Section 43(1) provides that ‘actual cost’ means the actual cost of the asset to the assessee as reduced by that portion of the cost, as has been met directly or indirectly by any other person or authority. Thus where tenements have been constructed under the subsidized industrial housing scheme whereby 25 per cent of the admissible cost of construction has been received from Government as subsidy, the original cost of construction would be reduced by the subsidy amount for purposes of calculating depreciation.
- Circular No. 190, dated 1st March, 1976 clarifies that the amount of subsidy received under “10 per cent Central Outright Grant of Subsidy Scheme, 1971” for industrial units to be set up in certain selected backward districts/areas is to be deducted from the cost of the assets for purposes of allowing development rebate and depreciation on such assets.
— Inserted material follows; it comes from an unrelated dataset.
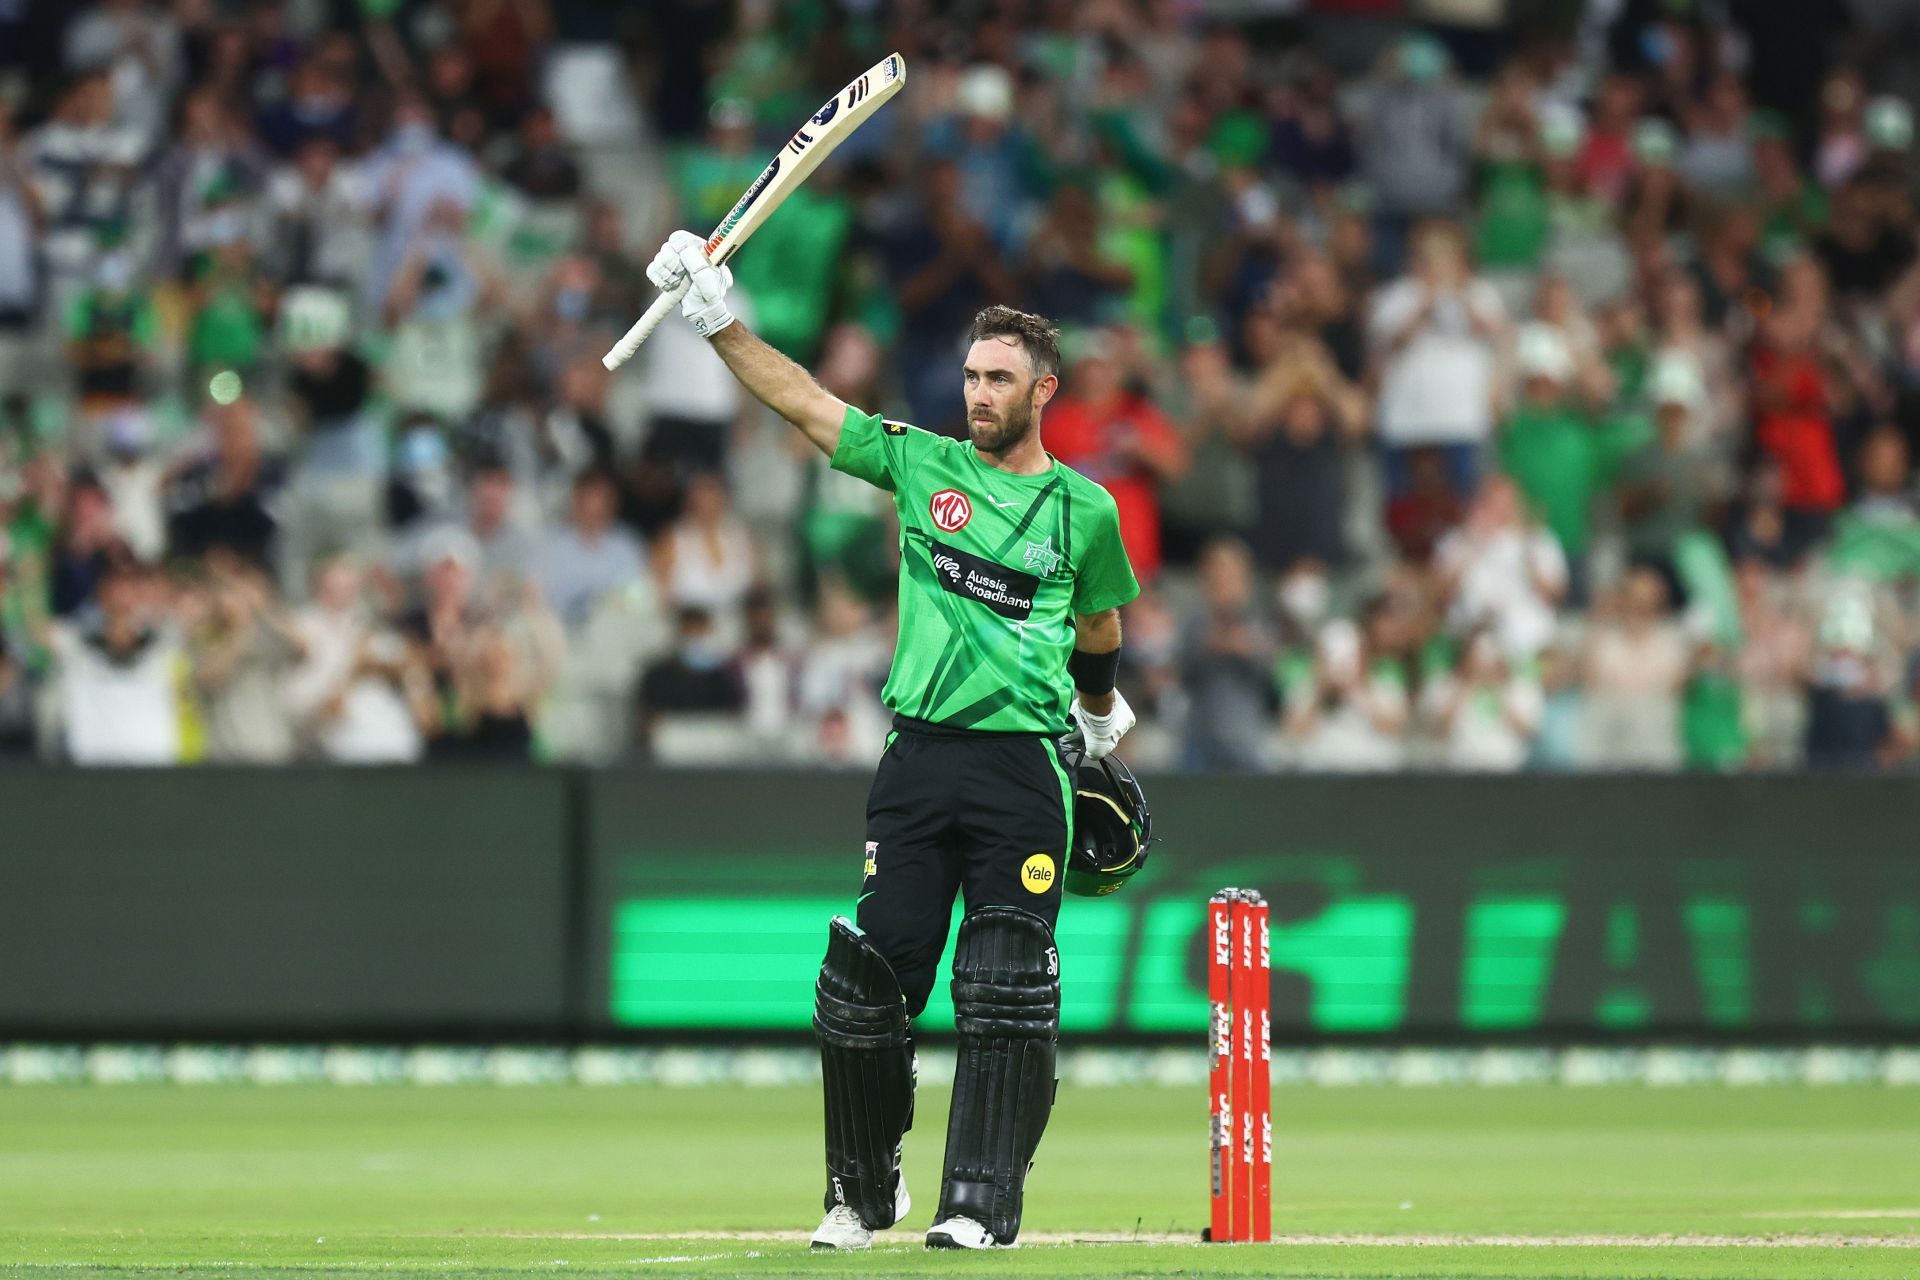 Glenn Maxwell took only 41 deliveries to complete his century

- However it was held in CIT v Godavary Plywoods Ltd, (1986) 168 ITR 632 (AP) that the subsidy, either under the Central Subsidy Scheme or any State incentive’ scheme, is granted more as recompense for the hardships and inconveniences which the entrepreneur may encounter while setting up industries in backward areas. There is no provision in either of the schemes to show that the subsidy is granted for the specific purpose of meeting a portion of the cost of the assets. The subsidy, therefore, cannot be deducted from the actual cost of the assets to the assessee for the purpose of allowing depreciation.
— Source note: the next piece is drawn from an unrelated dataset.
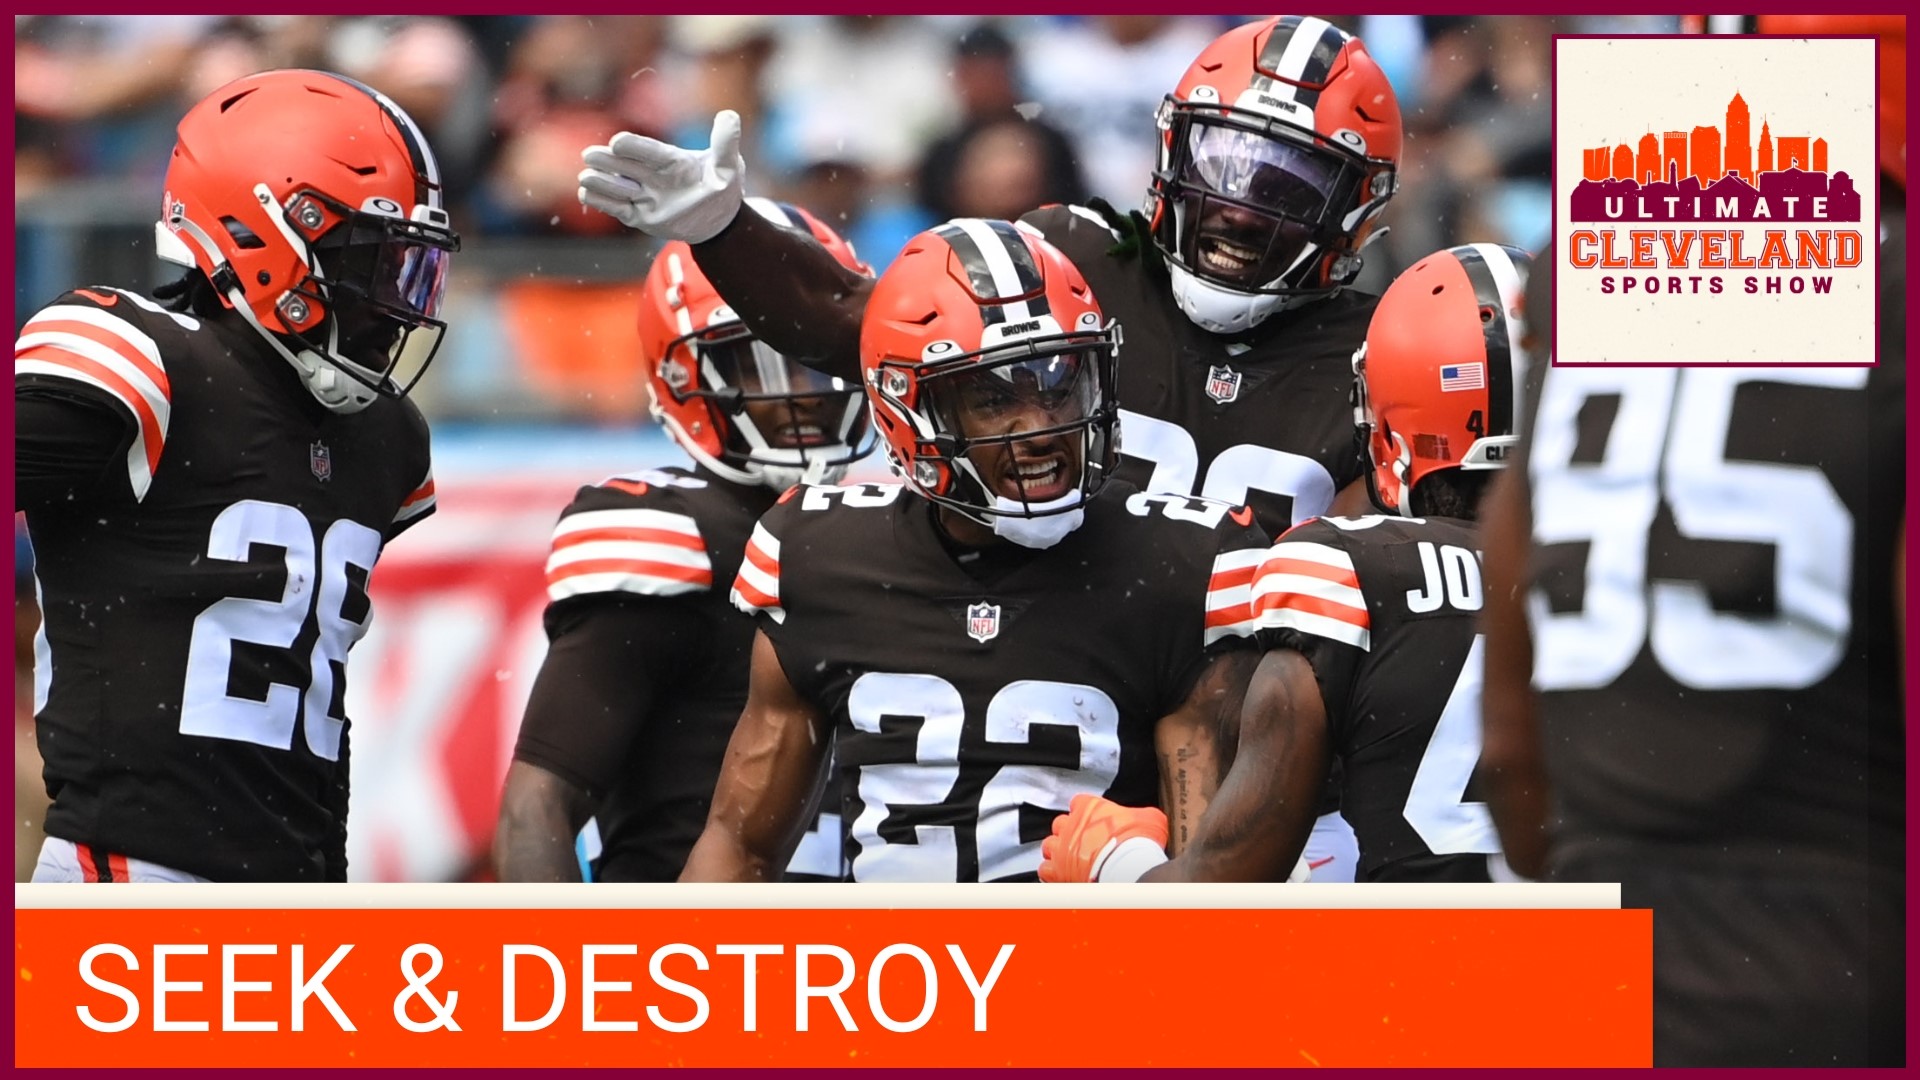 The Cleveland Browns defense has a chance to be elite this season. If that is the case, there may not be a better matchup on the schedule to flex those defensive.

- Similarly it was held in CIT v Premier Extraction  175 ITR 22 that the amount of capital subsidy received by the assessee from the Government to industrialize backward areas and provide employment will not go to reduce the cost of the assets and the subsidy cannot be deducted in computing the actual cost for purposes of calculating depreciation.
- It is not the cost of the asset alone that is included in the term ‘actual cost’ but expenses incurred in obtaining and installing etc. of the plant and machinery etc. are also included therein.